Charts and Conclusion on the Hypothesis

The table below represents a comparison between MQ-8B Fire Scouts. The following hypothesis (H) has been formulated for the research:

H0: There is no statistical difference in safety when using the Northrop Grumman MQ-8B Fire Scout when compared to manned vehicles to provide humanitarian aid in areas affected by a disaster.

H1: There is a statistical difference in safety when using the Northrop Grumman MQ-8B Fire Scout when compared to manned vehicles to provide humanitarian aid in areas affected by a disaster.

Figure 1.1 MQ-8B Fire Scout comparison chart (Navair, 2019)

In summarizing the research hypothesis, we must note UAVs are much more pronounced in the 21st century, regardless of whether the vehicles are little to medium measured remotely guided vehicles (otherwise known as automatons) or massive progressed UAS with a prearranged flight path. There is the expectation that these Unmanned Systems will accept the jobs of the customers at a later time. There is likewise the agreement Unmanned System infrastructure should be grown to become more affordable when compared to current operations in aiding disaster management. Through the evaluation of the manned MH-60 Seahawk, the operations dispensed in areas that need human attention are made quite possible and efficient.

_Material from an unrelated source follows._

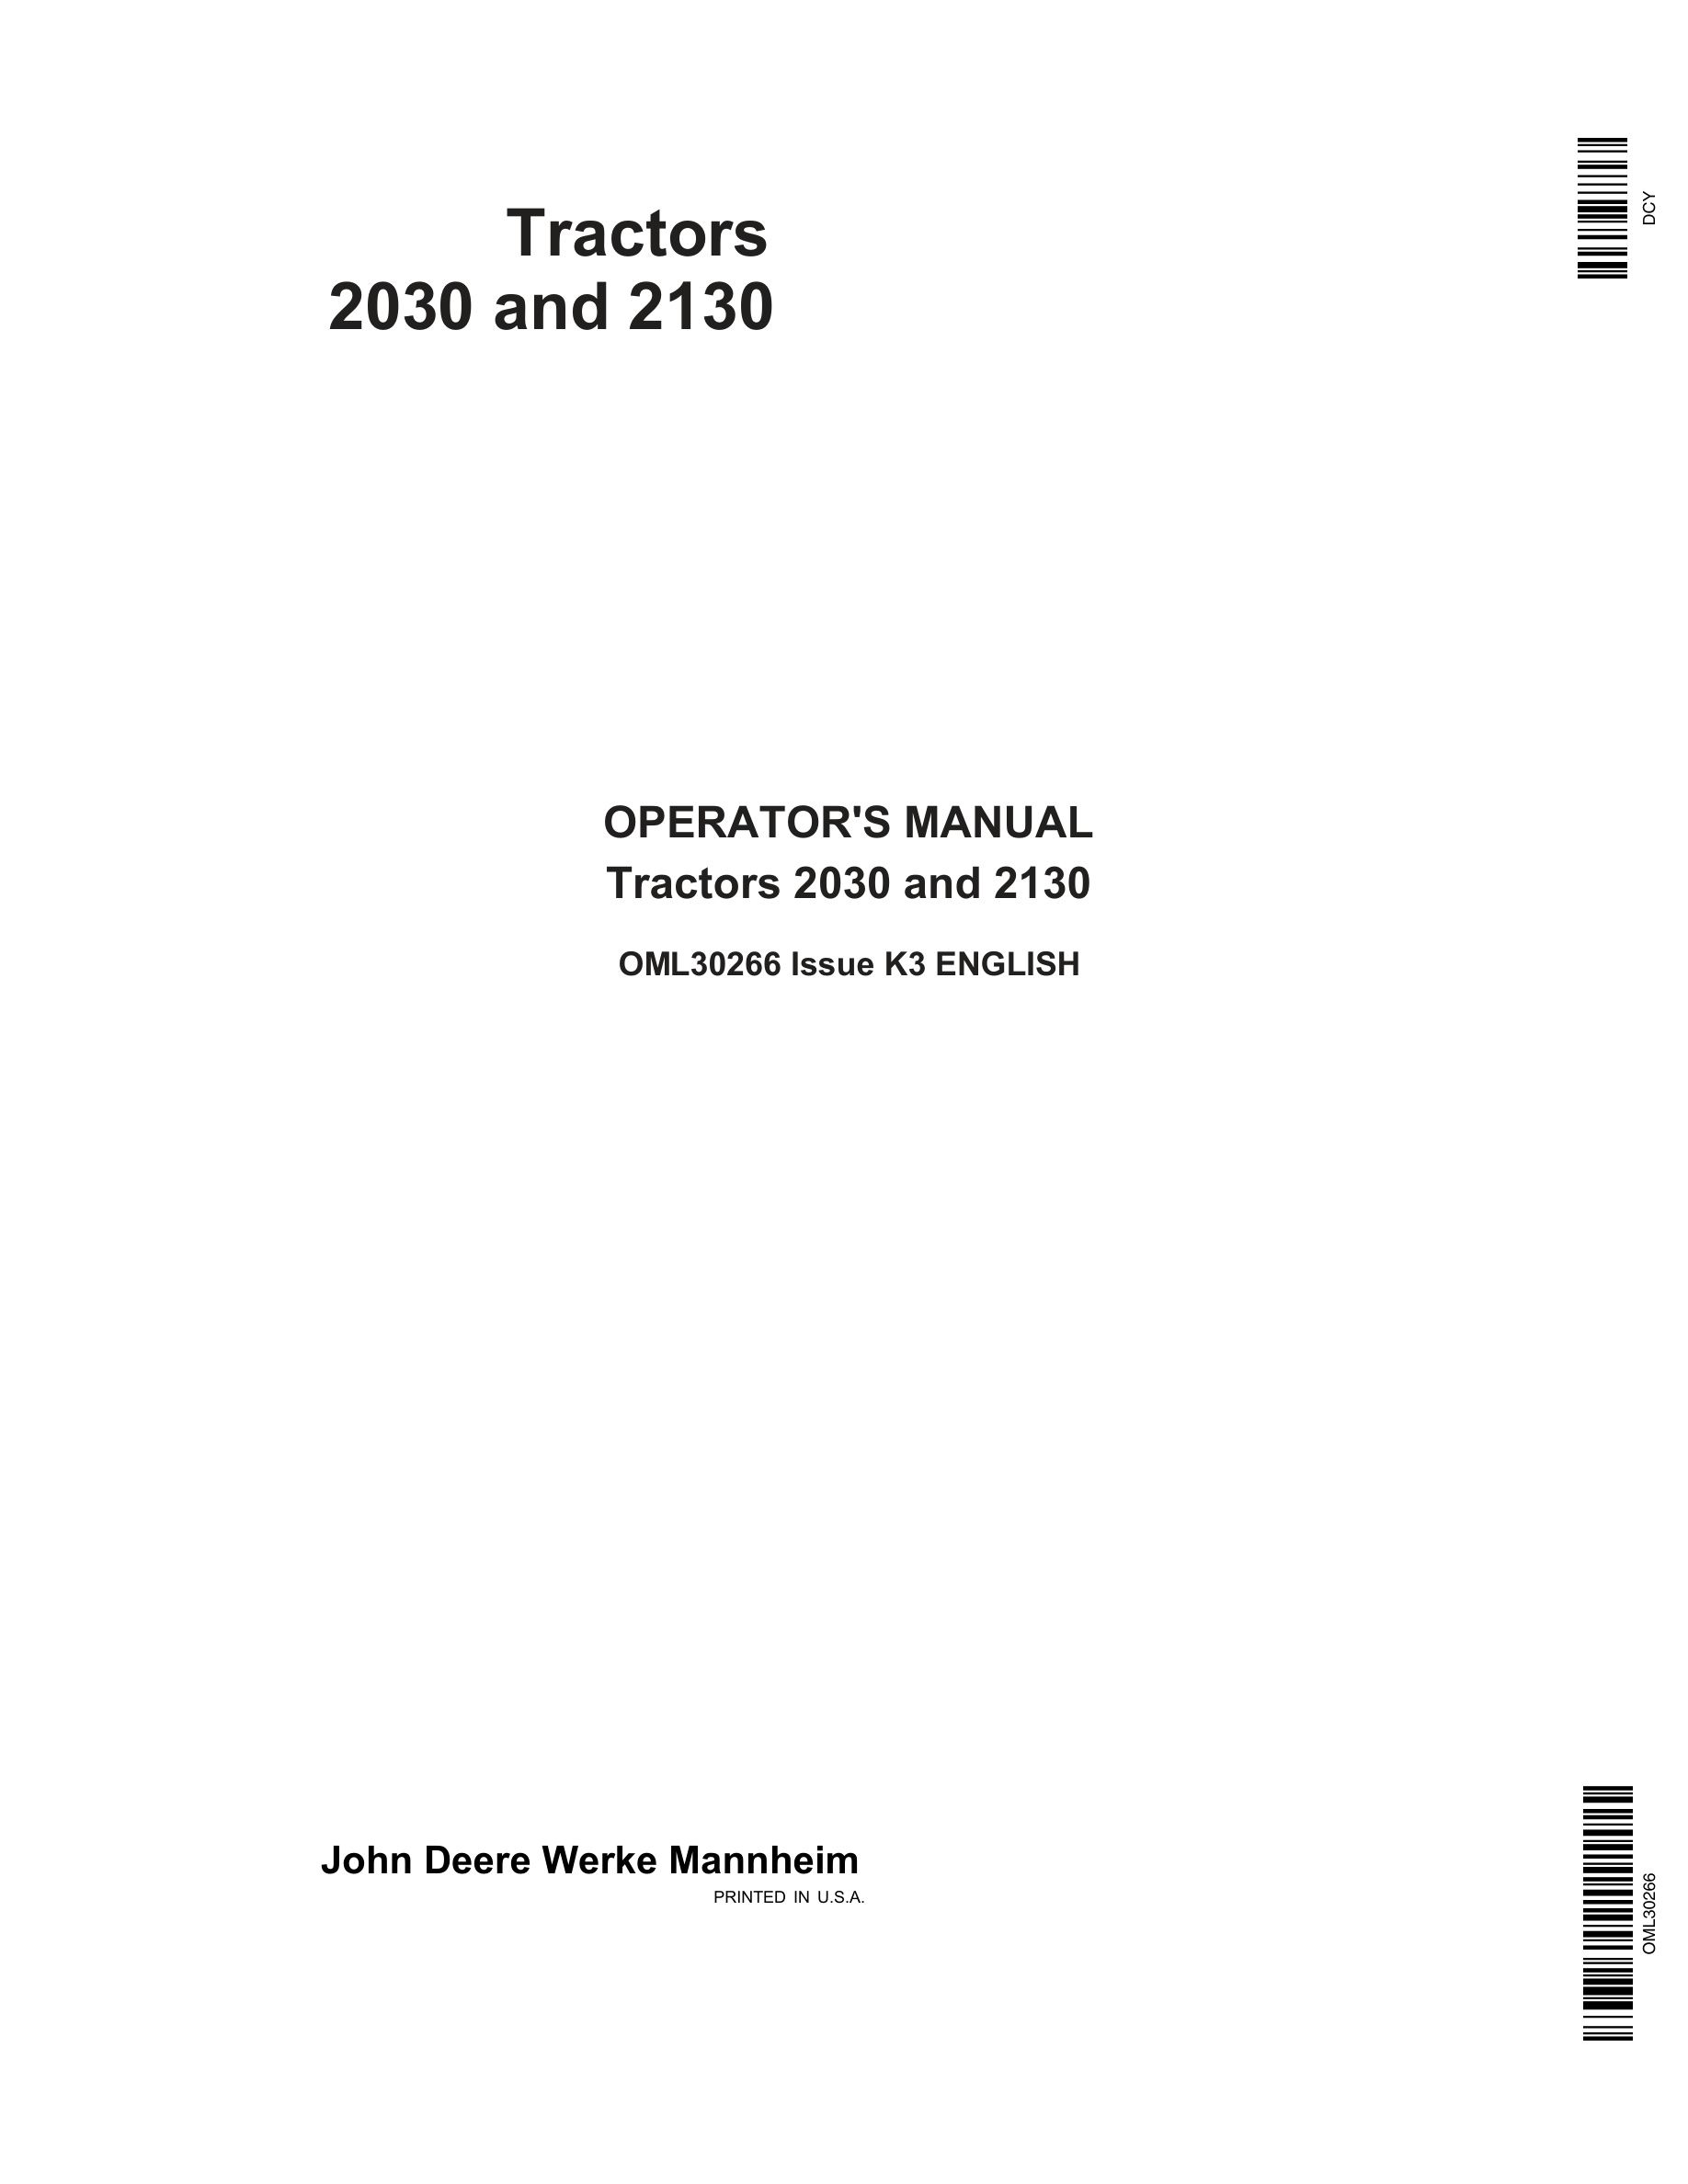 John Deere 2030 And 2130 Tractors Operator Manuals OML30266-1

Both aircraft play a similar, crucial role, giving High Altitude Intelligence, Surveillance, and Reconnaissance (ISR). Through needs assessment examination, both planes streamed down the prerequisites to all different subsystems, likewise, making comparable subsystems for Imagery Intelligence (IMINT) and Signals Intelligence (SIGINT). Nevertheless, the extra requirement for long perseverance necessitated that the MQ-8B frameworks engineers had additional prerequisites to stream down to the product, interchanges, information handling, and ground bolster subsystems to control an unmanned aircraft for more than 24 hours. This extra prerequisite had different determined necessities that should have been confirmed, and approved during the investigation, fabricating, subsystem construct and test, and the last framework joining. By utilizing both System Integration Laboratories (SIL) and Flight Tests, the two structures necessities were checked and approved by the frameworks engineers.

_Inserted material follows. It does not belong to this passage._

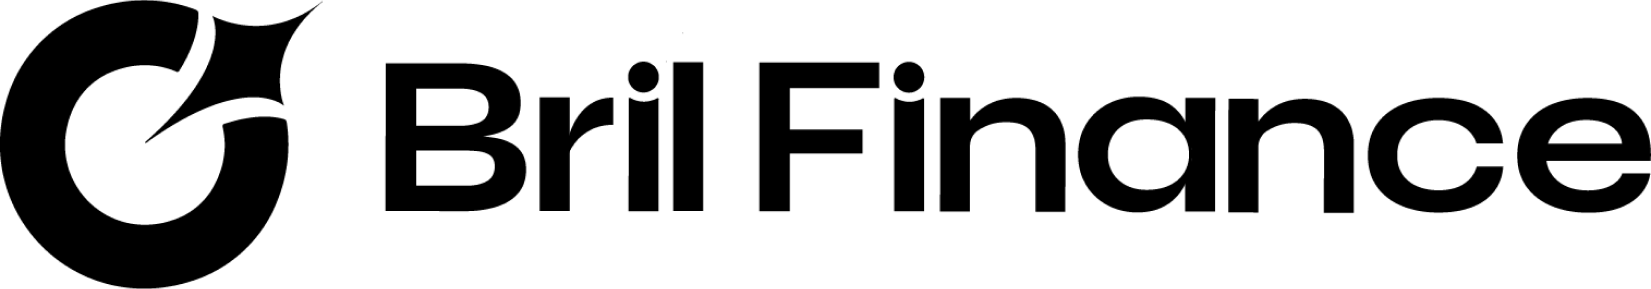 Bril logo

The Global Hawk, since it was unmanned was required to perform more confirmation of subsystems and programming as it was the first UAV to accomplish flight airworthiness. The fate of ISR missions necessitates aircraft become progressively versatile to future innovations and circumstances. The Global Hawk, similar to the Lockheed U-2 has a measured design to change out to and from various subsystems relying upon the mission (Brown, 2018). Nevertheless, these subsystems were structured 20 to 30 years prior and were not intended for lower-level measured quality or interoperability. The MH-60 Seahawk frameworks building group understood the future needs and the significant level of interest and information to be accumulated and prepared. The S.E.'s created and streamed seclusion and interoperability necessities to the different subsystems (Aly, 2016). The MQ-8B framework is progressively helpful in exceptionally challenged zones of interest as there is no pilot; therefore, versatile correspondences of the information and information interface must be robust with hostile to sticking capacities to guarantee the information is secure from digital assault. The figure chart below describes the flight vehicle failure rate comparison.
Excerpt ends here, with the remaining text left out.